Regression analysis is a statistical tool that is used to develop and approximate linear relationships among various variables. Regression analysis formulates an association between several variables. When coming up with the model, it is necessary to separate between dependent and independent variables. Regression models are used to predict trends of future variables (Arnold 2011). The paper carries out simple regression analysis to establish the relationship between salaries and the number of years the employees have worked in the organization. Further, scatter plots will be drawn to establish the relationship between the variables. Finally, confidence intervals will be calculated to determine the range within the average values. The analysis will be based on a sample of 135 observations.
Descriptive statistics
Table 1.0 presented below shows a summary of the descriptive statistics.
From the table presented above, the mean and median for salaries are 90.62 and 75.2 respectively. The maximum and minimum values of salaries yield a range of 519.9. The standard deviation, a measure of dispersion, for salaries is 62.57. This implies that the mean can deviate by up to 62.57. The value of skewness (3.03), Kurtosis (19.86) and Jarque Berra (1805.176) indicates that the observations are not normally distributed. In a normal distribution, the value of skewness and Kurtosis should be zero. The mean and median for the number of years they have been senior officers are 22.99 and 23 respectively. The maximum and minimum values yield a range of 45 years. The standard deviation is 11.67. The value of skewness (-0.11), Kurtosis (1.88) and Jarque Berra (7.41) indicates that the observations are not normally distributed. Finally, the mean and median for the number of years they have worked for the company are 7.8 and 6 respectively. The maximum and minimum values yield a range of 37 years. The standard deviation is 6.41. The value of skewness (1.52), Kurtosis (5.99) and Jarque Berra (102.25) indicates that the observations are not normally distributed (Verbeek 2008).
Scatter plots
A scatter diagram is a graph that plots two variables on a Cartesian plane. Scatter diagram tries to establish if there exists a linear relationship between the two variables plotted. This can be observed by looking at the trend of the scatter plots. The independent variable is plotted on the x – axis while the dependent variable is on the y – axis. In this case, salary will be plotted on the y – axis while the number of years will be plotted on the x – axis (Greene 2003). Different graphs will be plotted for each explanatory variable.
In the graph above, it can be noted that as the number of years the employees have worked in the company increases, there is no significant change in salary. This implies that there seem to be no sign of the relationship between salary and the number of years the employees have worked in the company.
In the graph, it can be observed that the salary tends to increase as the number of years the employees have worked as seniors increases. The plots show an indication of a positive relationship between the two variables.
Simple regression
Simple regression develops a relationship between two variables. The dependent variable is salary while the independent variable is number of years. The regression line will take the form
when the ordinary least squares method is used (Asteriou & Hall 2011). The regression line can be simplified as shown below.

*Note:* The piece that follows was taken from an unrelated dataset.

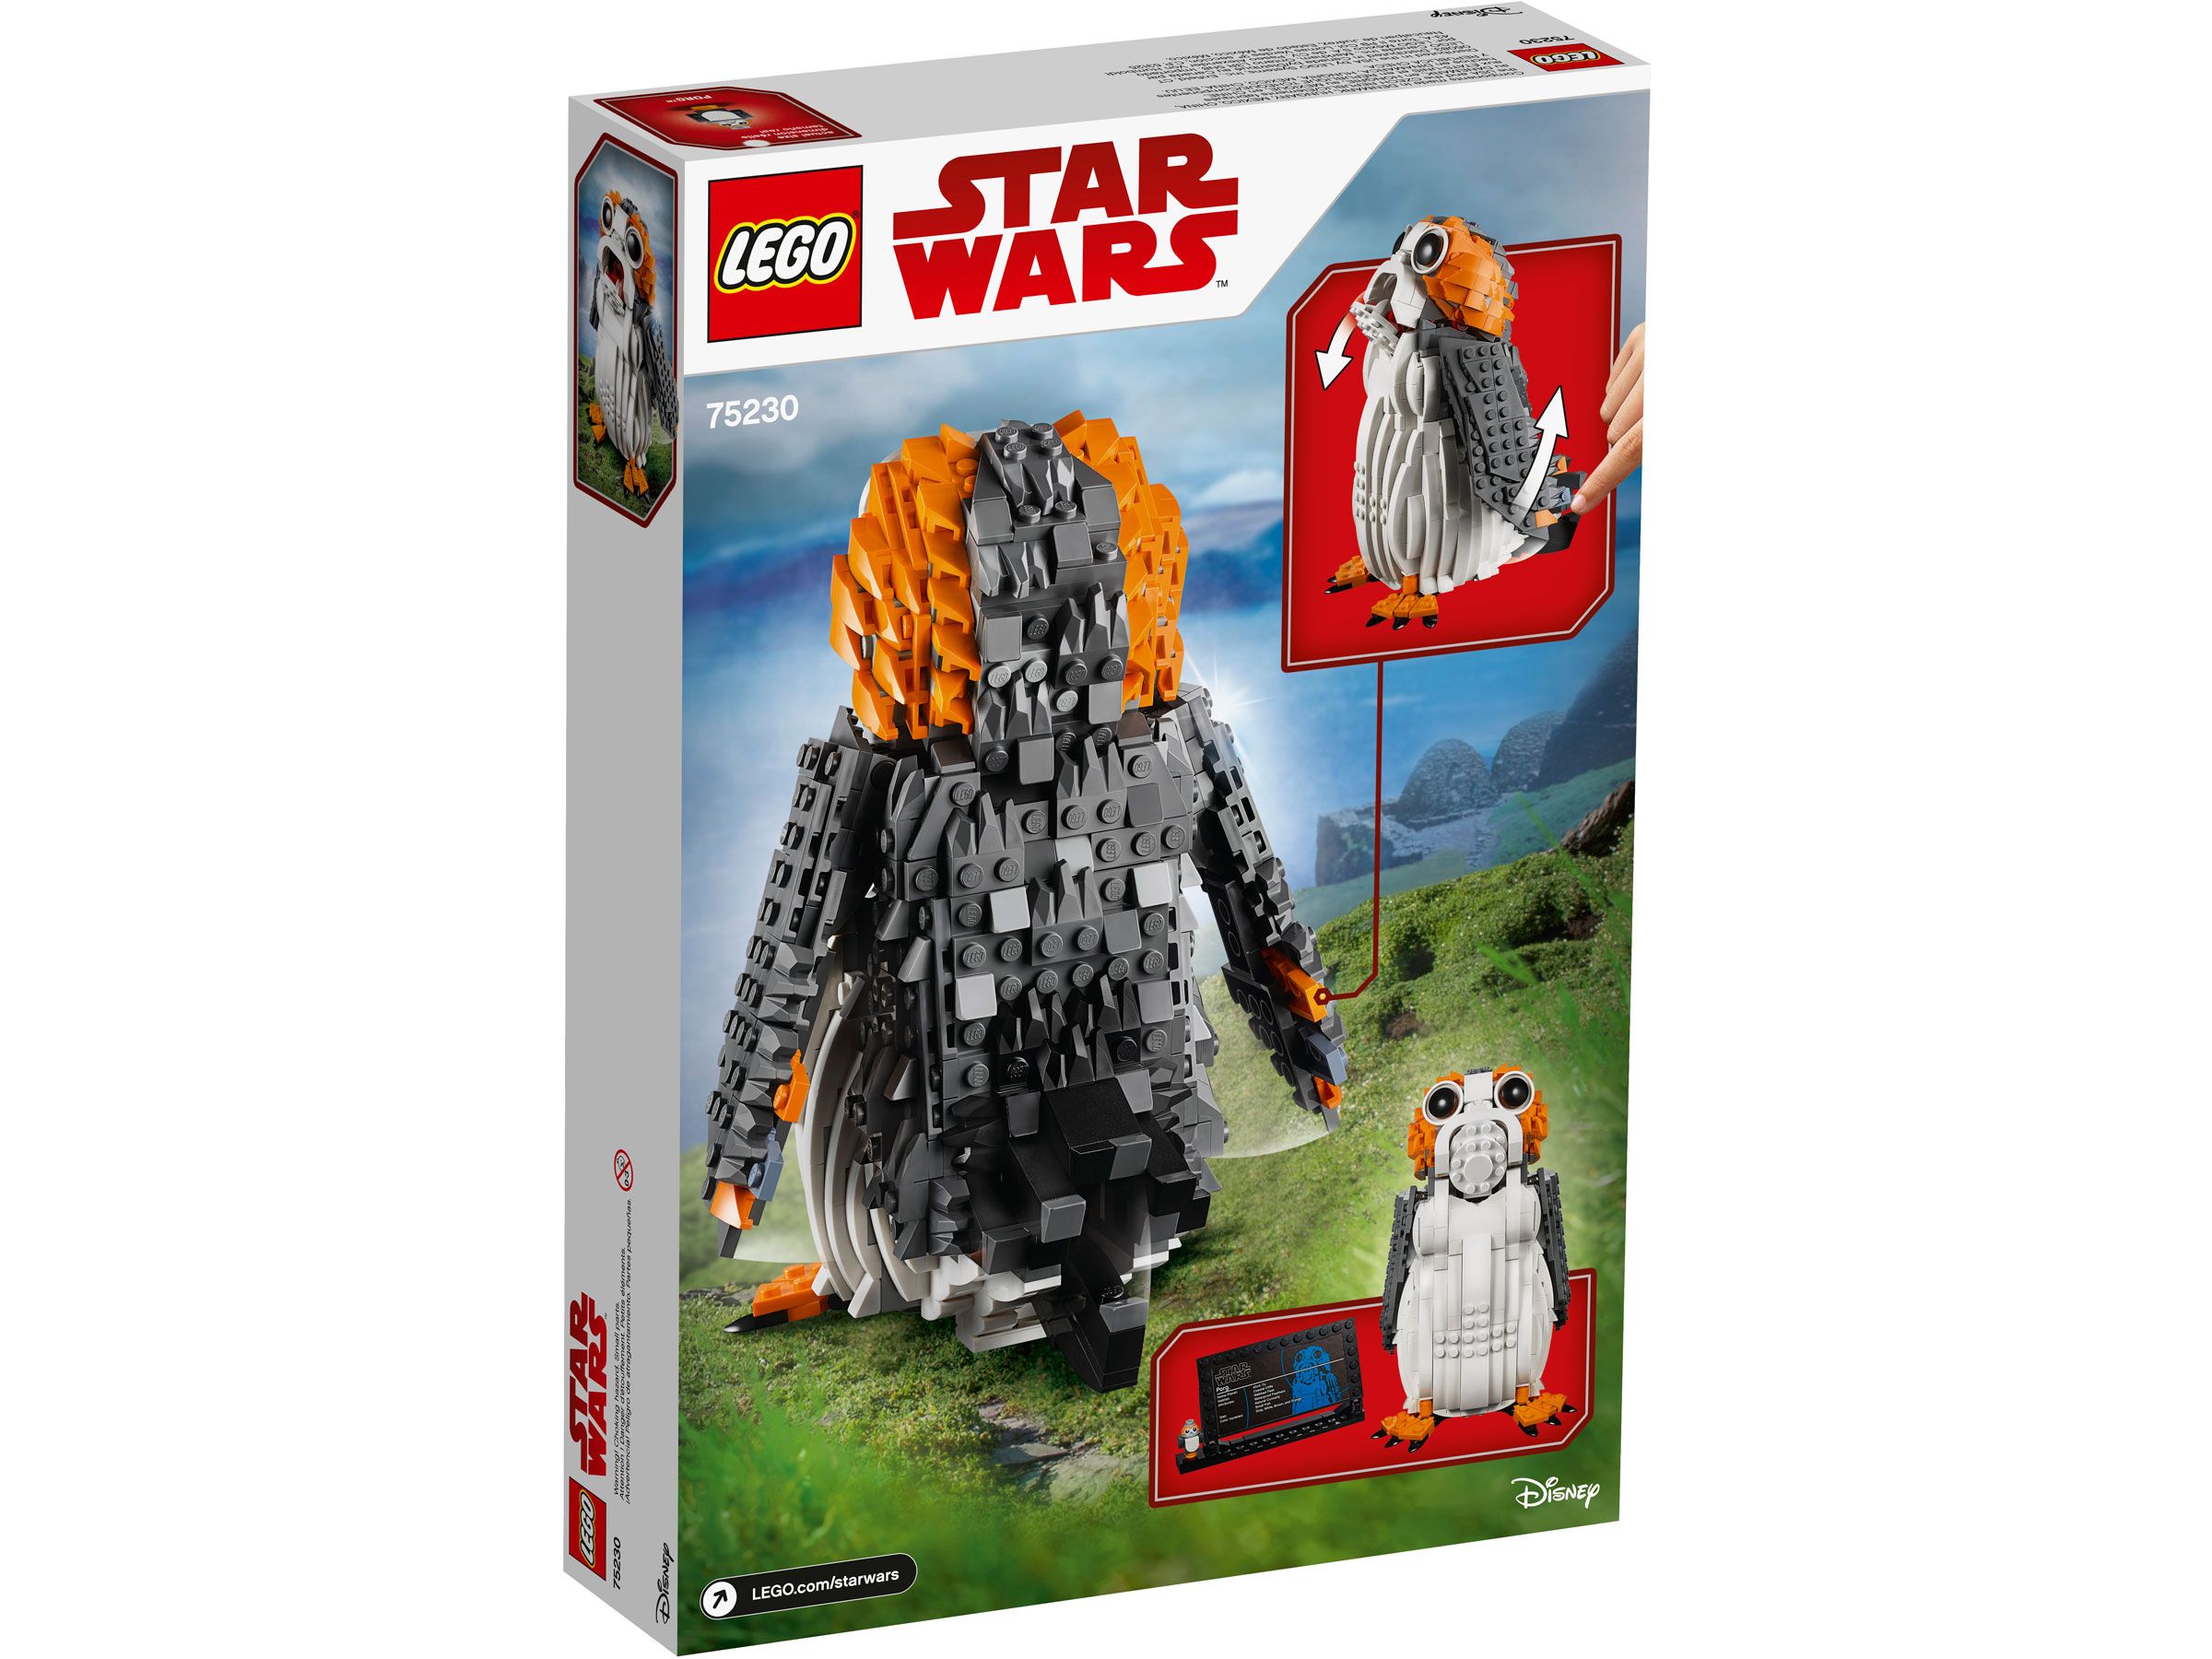 LEGO Star Wars 75230 Porg™ LEGO_75230_Box5_v39.jpg

Simplified regression equation Y = b0 + b1X
Y = Salaries
X = the number of years they have worked for the company
The theoretical expectations are b0 can take any value and b1 > 0.
Regression results
Table 1.1 shows the regression results for salary level against the number of years they have worked for the company.
The regression equation can be written as Y = 84.79 + 0.25X. The value of R-squared is 0.0022 while t-statistics is 0.5461 (it is less than t-tabulated at 95% confidence interval – 1.932). The results do not show a strong regression line.
Table 1.2 shows the regression results for salary level against the number of years they have been senior officers.
The regression equation can be written as Y = 77.40 + 1.69X. The value of R-squared is 0.0301 while t-statistics is 2.0332 (it is greater than t-tabulated at 95% confidence interval – 1.932). The results show that the variable is a significant determinant of salary.
Discussion
The regression results for the relationship between salary and the number of years they have been senior officers is more robust than the relationship between salary and the number of years they have worked in the company because it has a higher value of R-value and years_senior is a significant explanatory variable.
Confidence intervals
The confidence interval is calculated based on the values of the sample collected from a given population. It gives the range within which the population parameter is expected to lie. Further, the population parameter is not known (Baltagi 2011). Therefore, the confidence interval does not give the exact value of the population parameter. The intervals will be calculated at 95% confidence level.
Table 1.3 shows the confidence interval for the number of years they have worked for the company.
The population parameter for years_senior will lie between 0.0461 and 3.3437.
Table 1.4 shows the confidence interval for the number of years they have been senior officers.
The population parameter for years_comp will lie between -0.6647 and 1.1718.
References
Arnold, R 2011, Economics, Cengage Learning, USA.
Asteriou, D & Hall, S 2011, Applied econometrics, Palgrave Macmillian, London.
Baltagi, G 2011, Econometrics, Springer, New York.
Greene, H 2003, Econometric analysis, Prentice–Hall, London.
Verbeek, M 2008, A guide to modern econometrics, John Wiley & Sons, England.